My situation, however, has its challenges. First, I do not want to appear the slacker to my friends and extended family (the “dynamo working girl” comprises a larger part of my self-worth than I’d realized.) Secondly, because I fully intend to re-enter the workforce, I am cautioned by my career management coach (another perq of my severance package) that I be able to pepper any discussion of my hiatus with prospective employers with the sorts of personal-growth activities and meaningful volunteer work that speaks well of my “purposefulness.” Apparently, the fact that I managed to include line-caught halibut, ramps and fava beans in a single weekday meal —and compost the scraps — is not going to recommend me for that editor-in-chief position at Knopf.
So I am in constant need of an impressive array of meaningful/philanthropic/cerebral/free-spirited endeavors to relate whenever friends and potential employers ask me what I’ve been up to. I don’t even head down to the local coffee joint for a quick cuppa without having a few pithy lines at the ready. But industriousness, even when slightly feigned, is exhausting.

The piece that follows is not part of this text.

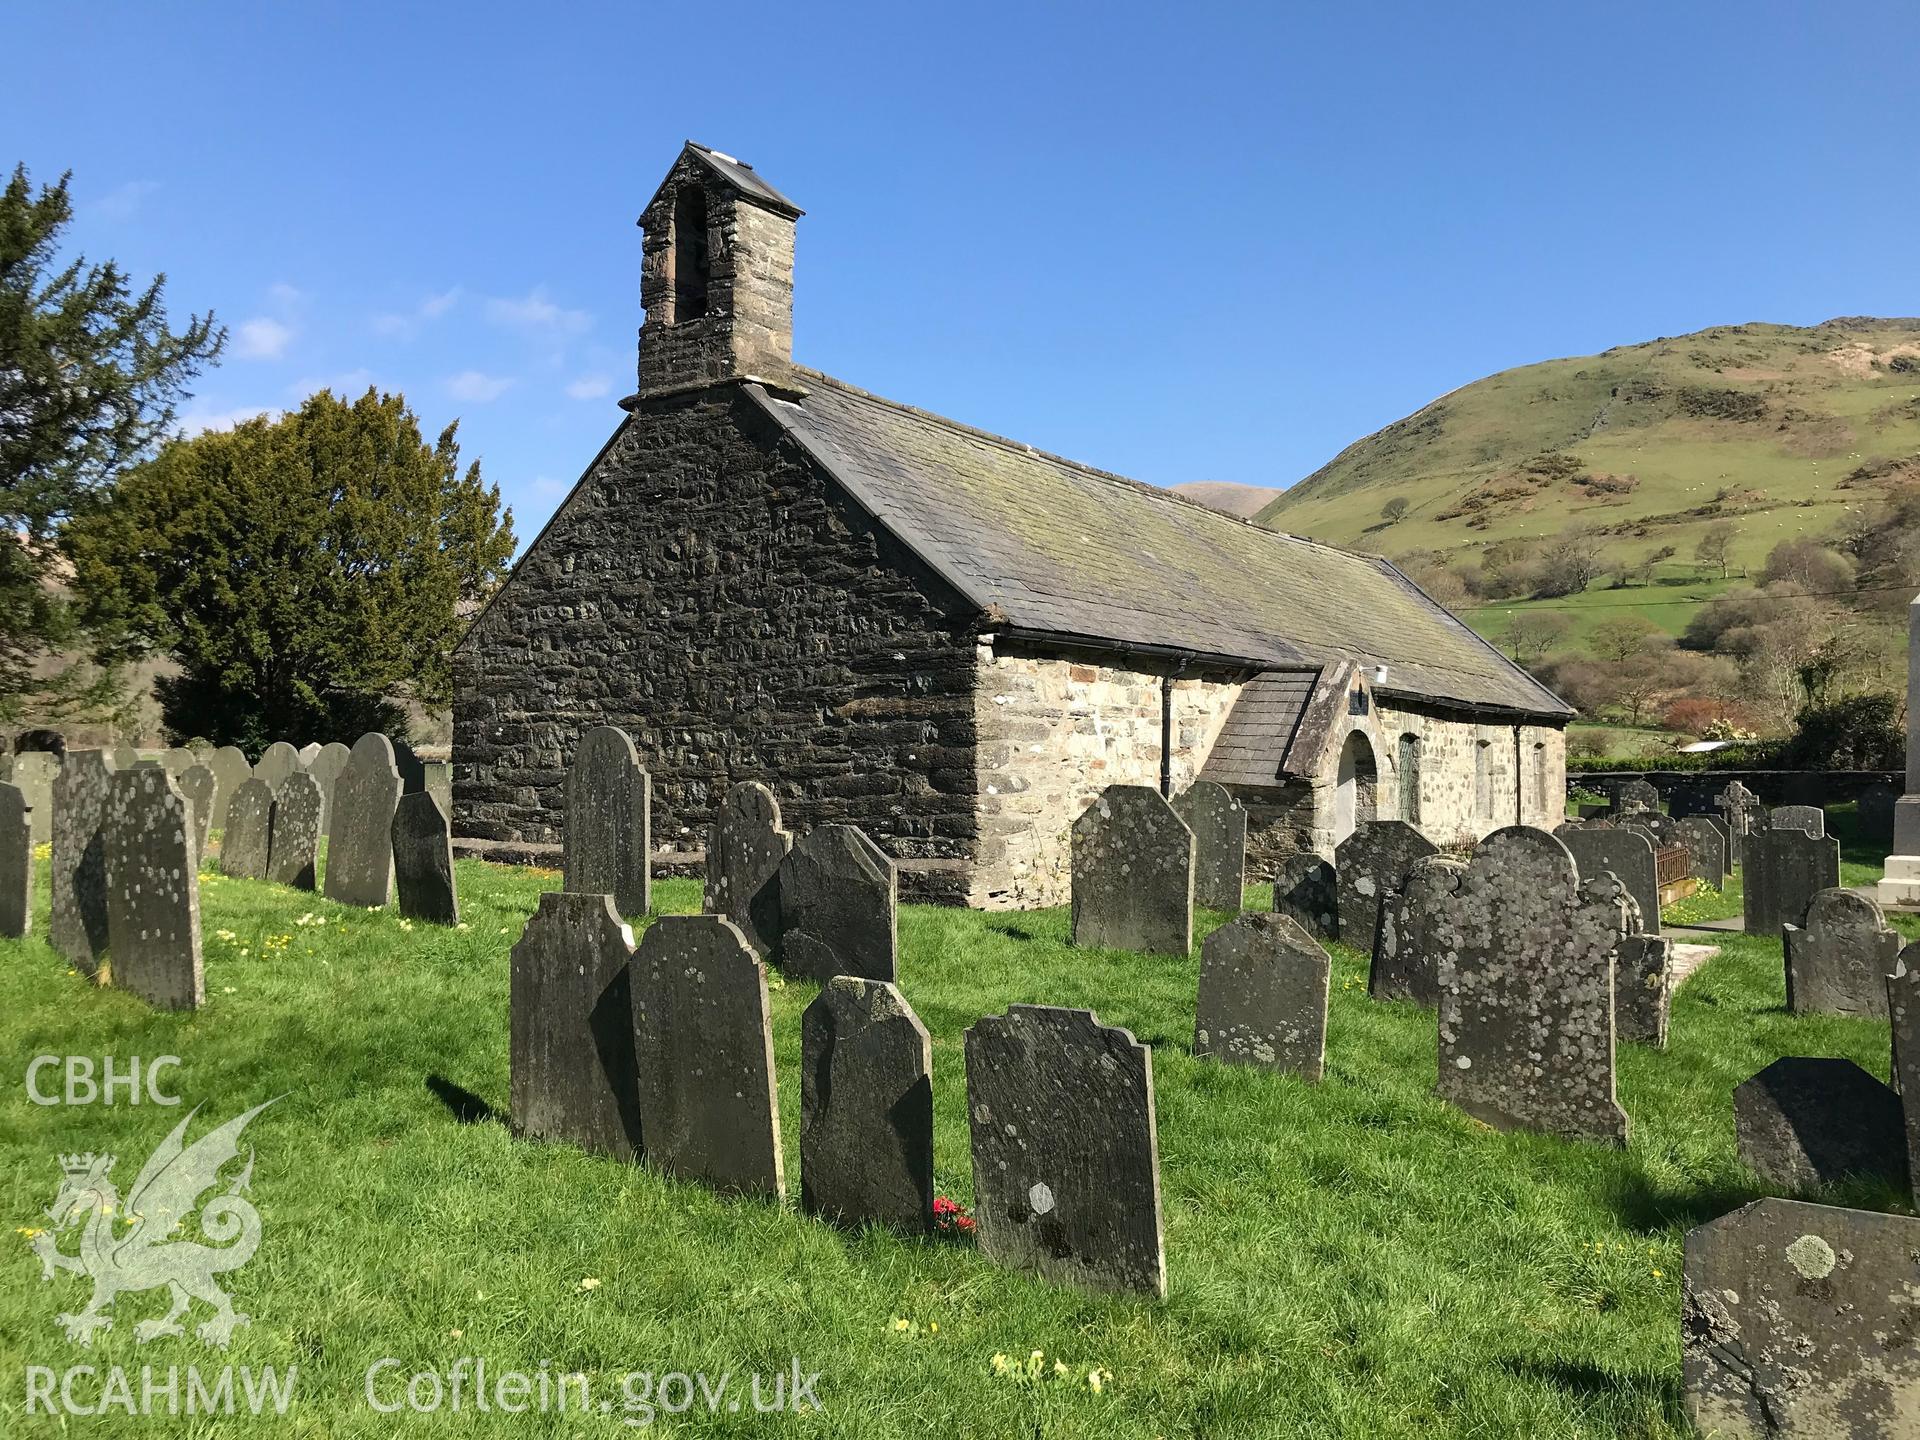 Colour photograph showing exterior view of Eglwys Mihangel (St. Michael's Church) and graveyard, Llanfihangel-y-Pennant, taken by Paul R. Davis on 28th March 2019.

I simply cannot keep up the pace and grow my own heirloom tomatoes. By necessity, I’ve learned to get serious mileage from a precious few activities that in my former working life might have earned only small codas in my Outlook calendar. I tell the truth, but with gusto.
I recently joined local writers and editors from my small Westchester town in presenting half-day language arts workshops to our local elementary school’s 4th and 5th graders. I had a grand total of five bright and adorable moppets in my group. They seemed to like the stuff I showed them on writing persuasive essays. Translation: “I taught a brief course on Aristotelian rhetorical modes at my local school which I understand is being considered for integration into the district literacy curriculum.” The strategy: slight overstatement (“course”) when it counts, coupled with discrete qualifiers (“I understand”) where they’re needed. Perhaps I did read a bit too much into the thank-you letter the committee sent me, but these days optimism is nothing to apologize for.
Next month, I’m signed up to take a conversational Spanish class from a charming local native-speaker. Lucy will teach us the sort of common vocabulary and grammar that will allow us to confidently order Hispanic food and drink in restaurants, speak with shopkeepers and hoteliers when touring, and casually converse with Latin American friends and neighbors. Translation: “I’m studying Spanish.” I find WAYDN statements often flourish with a “less is more” approach; my brevity in this instance somehow conveys a depth and seriousness to my bilingual pursuits. The listener is free to imagine me using my newly gained fluency to, say, secure a position as Deputy Communications Director for the Consul General of Uruguay. Rather than what is probably much closer to my eventual skill level (and aspiration): “Un Mojito, por favor. No seltzer, menta extra.”
I’ve never been good at tooting my own horn (in my Irish Catholic family, modesty was our watchword). My guess is that sharpening my WAYDN skills will serve me well even when I rejoin the ranks of the working folk. You’ve just spent four minutes reading a personal essay by a grateful, possibly self-deluded, unemployed female publishing executive. Or, if you prefer, you’ve “been investigating the psychosocial repercussions of the recent global downturn on the middle classes through analysis of first-person narrative.”
For all your hard work, I think you deserve un mojito especial.